我在这个问题中使用了代码https://codereview.stackexchange.com/questions/241842/webscraping-with-selenium-a-course-downloader-and-sorter/248712#248712

我将该代码中的 url 替换为我的 url 当我编译时得到如下所示的错误

第 66 行，在 current_file_name = re.search(r'https://player.hdflixcore.workers.dev//0://课程//账号%20Cracking%20--MrSihag//TN%20Cracking%20课程%20- -MrSihag/.+/(.+)', download_path, re.DOTALL).group(1) AttributeError: 'NoneType' 对象没有属性 'group'

我想我在代码中使用了网站地址在“current_file_name”中有一些额外的字母，如反斜杠
我不知道我试着通过添加一些反斜杠来做同样的事情，但没有修复

但是当我运行原始代码时它工作正常当我在我想要的网站上使用它时，它最终会出现上面提到的错误

下面是我编辑的代码


from selenium import webdriver
import time
import os
import shutil
import re

path = r'https://player.hdflixcore.workers.dev/0:/Courses/Account%20Cracking%20--MrSihag/TN%20Cracking%20Course%20--MrSihag/'

# For changing the download location for this browser temporarily
options = webdriver.ChromeOptions()
preferences = {"download.default_directory": r"C:\Users\shanid\Desktop\test", "safebrowsing.enabled": "false"}
options.add_experimental_option("prefs", preferences)

# Acquire the Course Link and Get all the directories
browser = webdriver.Chrome(chrome_options=options)
browser.get(r"https://player.hdflixcore.workers.dev/0:/Courses/Account%20Cracking%20--MrSihag/TN%20Cracking%20Course%20--MrSihag/")
time.sleep(2)
elements = browser.find_elements_by_css_selector(".mdui-text-truncate")

# loop for as many directories there are
for i in range(0, len(elements)):
    print("deft")

    # At each directory, it refreshes the page to update the webelements in the list, and returns the current directory that is being worked on
    browser.get(path)
    time.sleep(2)
    elements = browser.find_elements_by_css_selector(".mdui-text-truncate")
    element = elements[i]

    # checks if the folder for the directory already exists
    current_directory_name = element.text[11:].strip(" .")
    current_folder_path = "C:\Users\shanid\Desktop\test\" + current_directory_name
    if os.path.exists(current_folder_path):
        pass
    else:
        os.mkdir(current_folder_path)

    # Formatting what has been downloaded and sorted, and
    print(current_directory_name, "------------------------------", sep="\n")
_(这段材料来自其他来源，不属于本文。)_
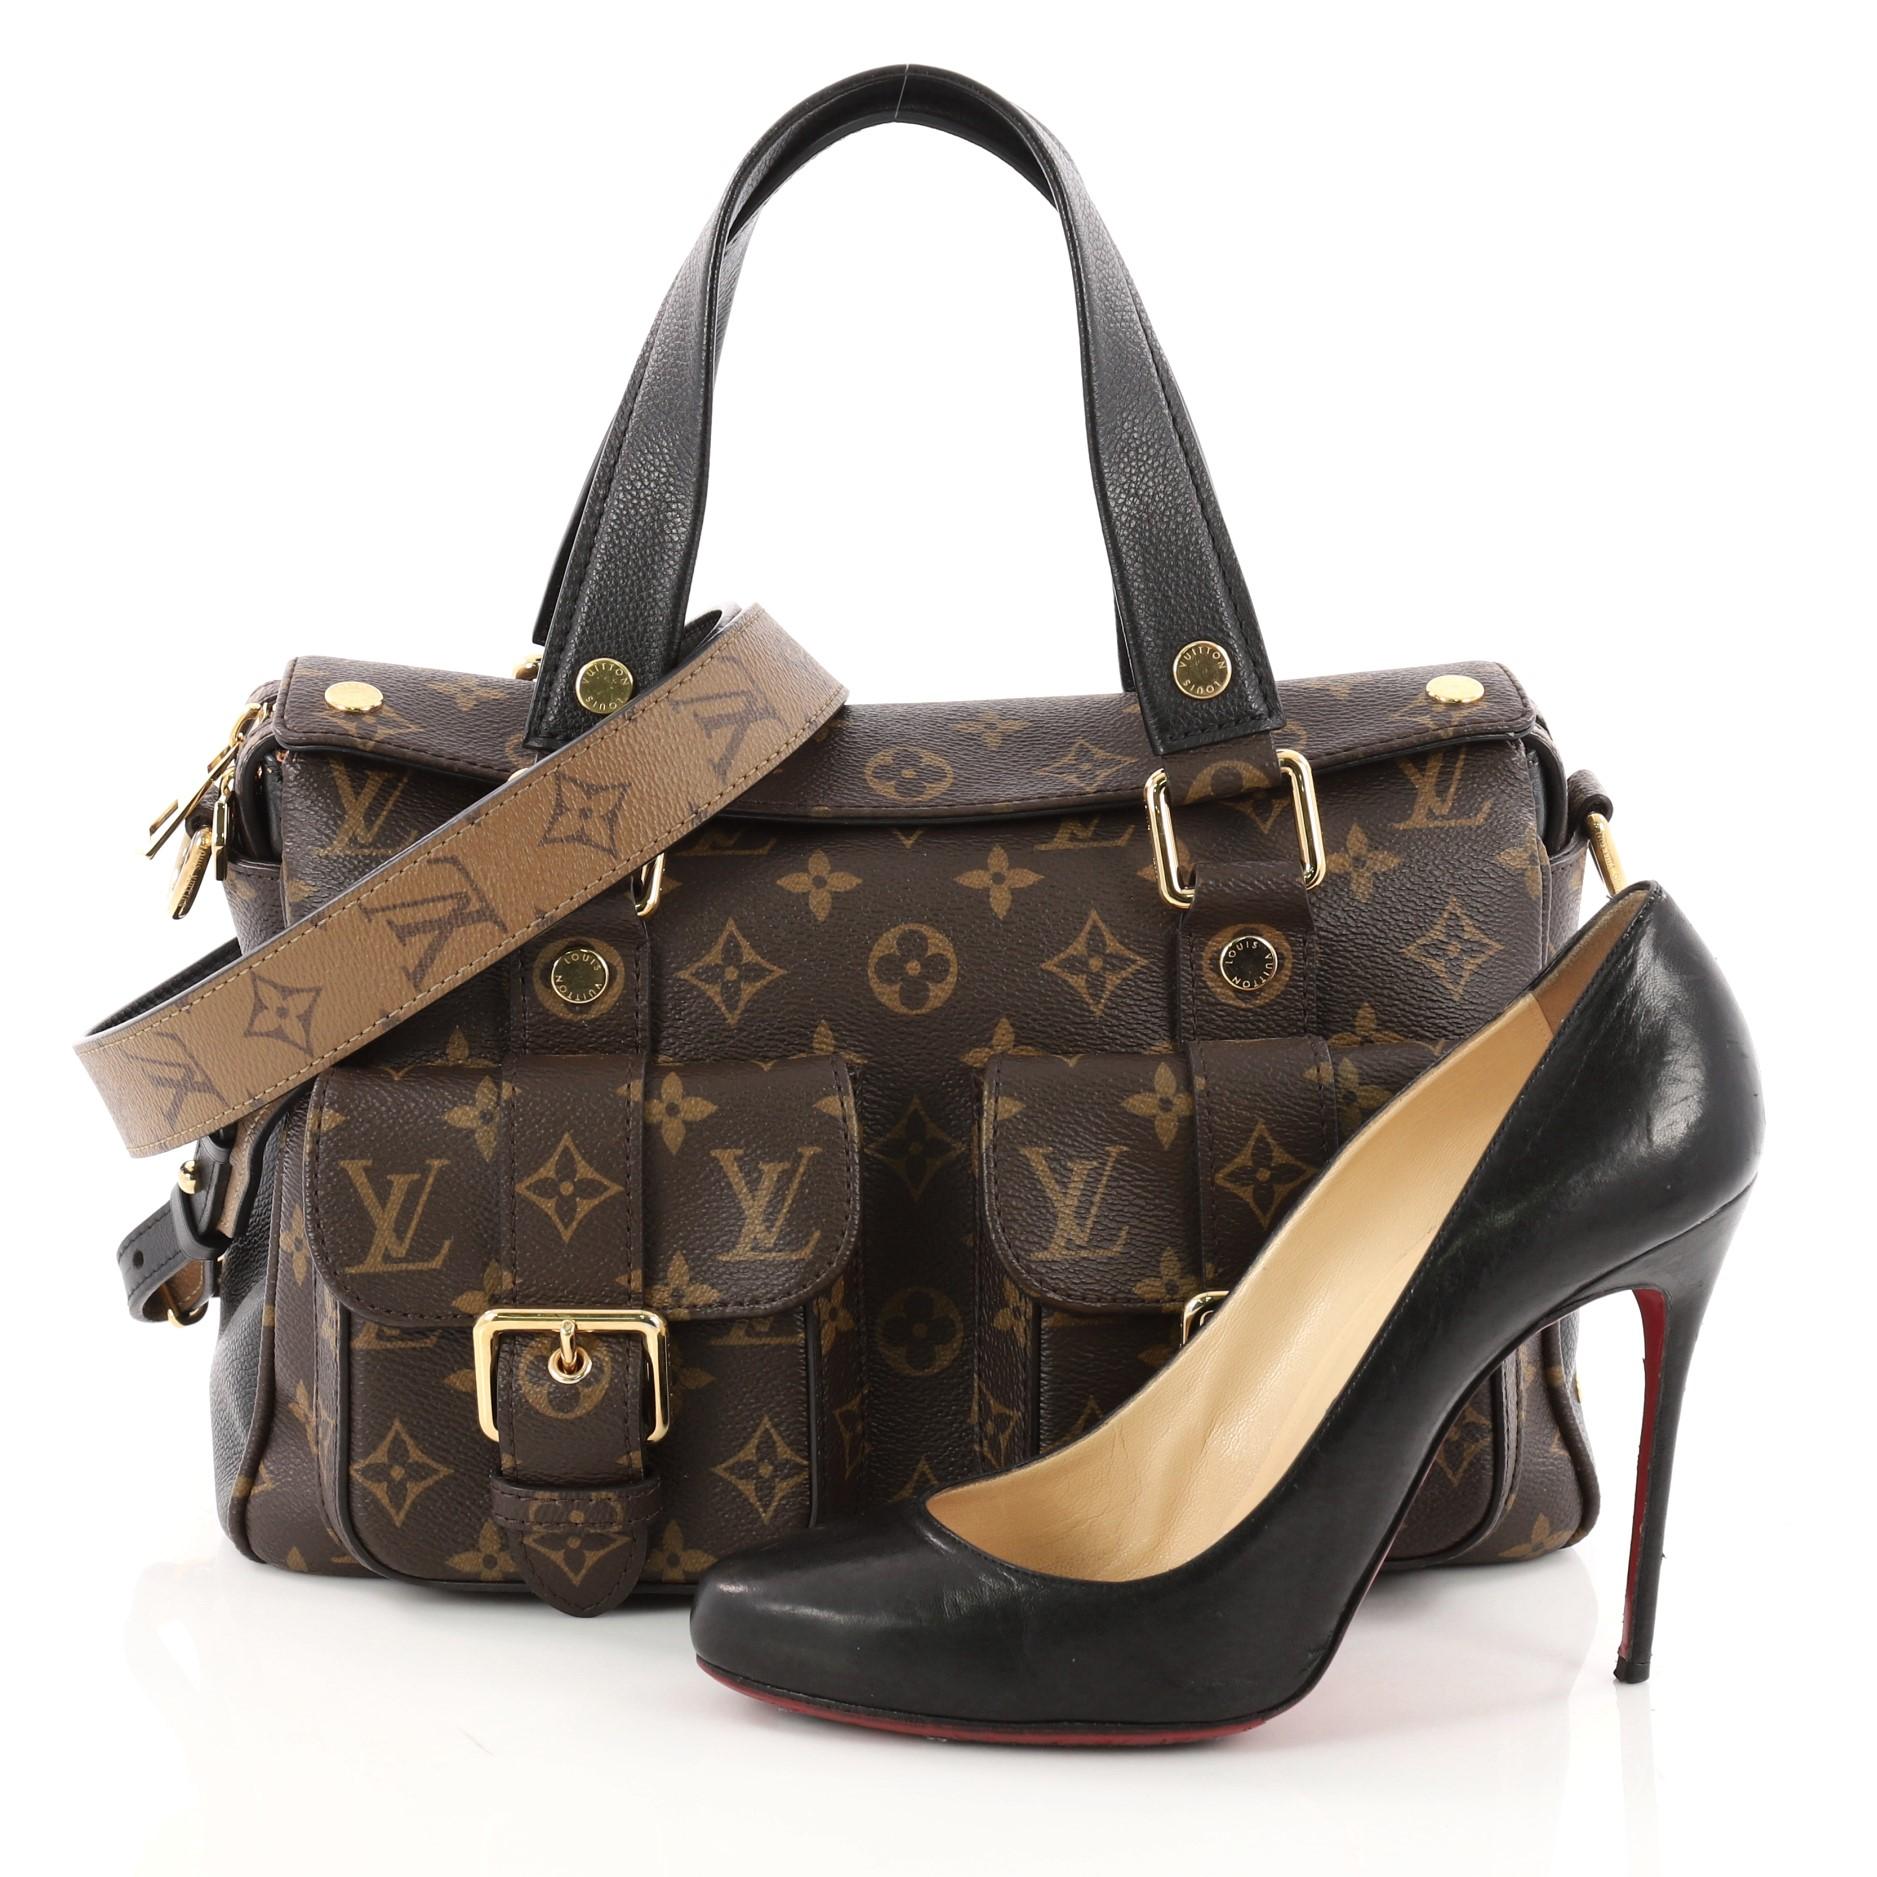 This authentic Louis Vuitton Manhattan NM Handbag Monogram Canvas with Leather brings a fresh spirit to the iconic Manhattan bag. Crafted in brown monogram coated canvas with black leather, this bag features dual flat black leather handles, two

    # moves on to the directory to get the page with the files
    element.click()

    # pausing for a few secs for the page to load, and running the same mechanism to get each file using the same method used in directory
    time.sleep(3)
    files = browser.find_elements_by_css_selector(".mdui-text-truncate")
    for j in range(len(files)):
        files = browser.find_elements_by_css_selector(".mdui-text-truncate")
        _file = files[j]
    # constants for some if statements
        download = True
        move = True
        current_file_name = _file.text[17:].strip()
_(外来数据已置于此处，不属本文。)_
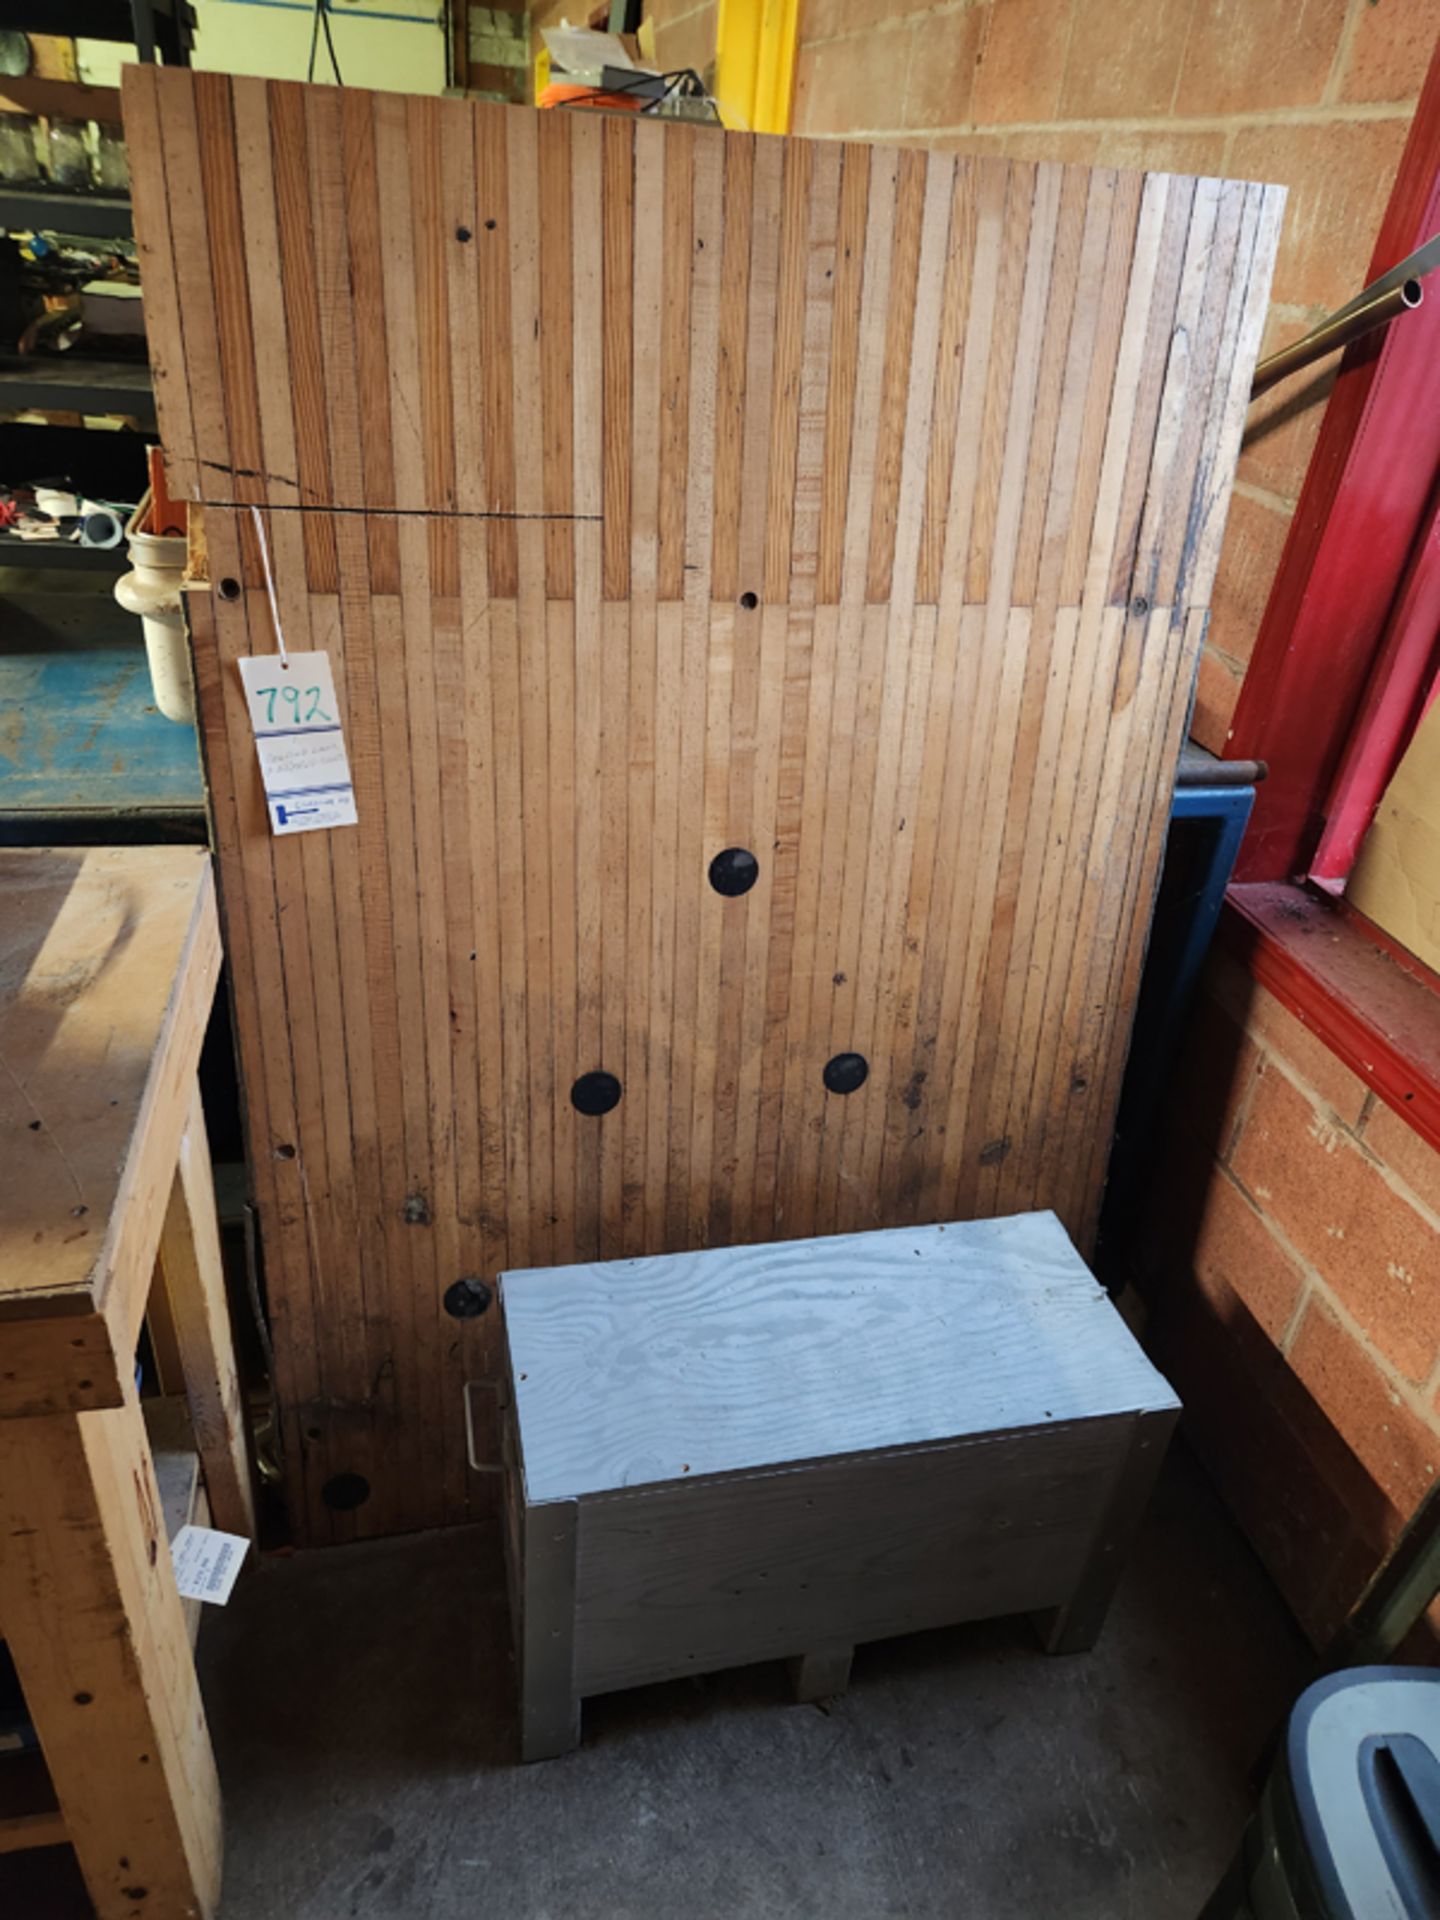 BOWLING LANE AND SHIPPING CRATE

    # If file exists, then pass over it, and don't do anything, and moveon to next file
        if os.path.exists(current_folder_path + "\" + current_file_name):
            pass

    # If it doesnt exist, then depending on its extension, do specific actions with it
        else:
            # Downloads the mp4 files by clicking on it, and finding the input tag which contains the download link for vid in its value attribute
            if ".mp4" in current_file_name:
                _file.click()
                time.sleep(2)
                download_path = browser.find_element_by_css_selector("input").get_attribute("value")
                current_file_name = re.search(r'https://player.hdflixcore.workers.dev//0://Courses//Account%20Cracking%20--MrSihag//TN%20Cracking%20Course%20--MrSihag/.+/(.+)', download_path, re.DOTALL).group(1)
                # Checks if file exists again, incase the filename is different then the predicted filename orderly generated.
                if os.path.exists(current_folder_path + "\" + current_file_name):
                    move = False
                    download = False
                # returns to the previous page with the files
                browser.back()

            # self explanatory
            elif ".html" in current_file_name:
                download_path = path + current_directory_name + "/" + current_file_name
                if os.path.exists(current_folder_path + "\" + current_file_name):
                    move = False
                    download = False

            else:
            # acquires the download location by going to the parent tag which is an a tag containing the link for html in its 'href' attribute
                download_path = _file.find_element_by_xpath('..').get_attribute('href').replace(r"%5E", "^")
                current_file_name = re.search(r'https://player.hdflixcore.workers.dev/0:/Courses/Account%20Cracking%20--MrSihag/TN%20Cracking%20Course%20--MrSihag/.+/(.+)', download_path, re.DOTALL).group(1).replace("%20", " ")

            time.sleep(2)
            current_file_path = "C:\Users\shanid\Desktop\test\" + current_file_name
            # responsible for downloading it using a path, get allows downloading, by source links
            if download:
                browser.get(download_path)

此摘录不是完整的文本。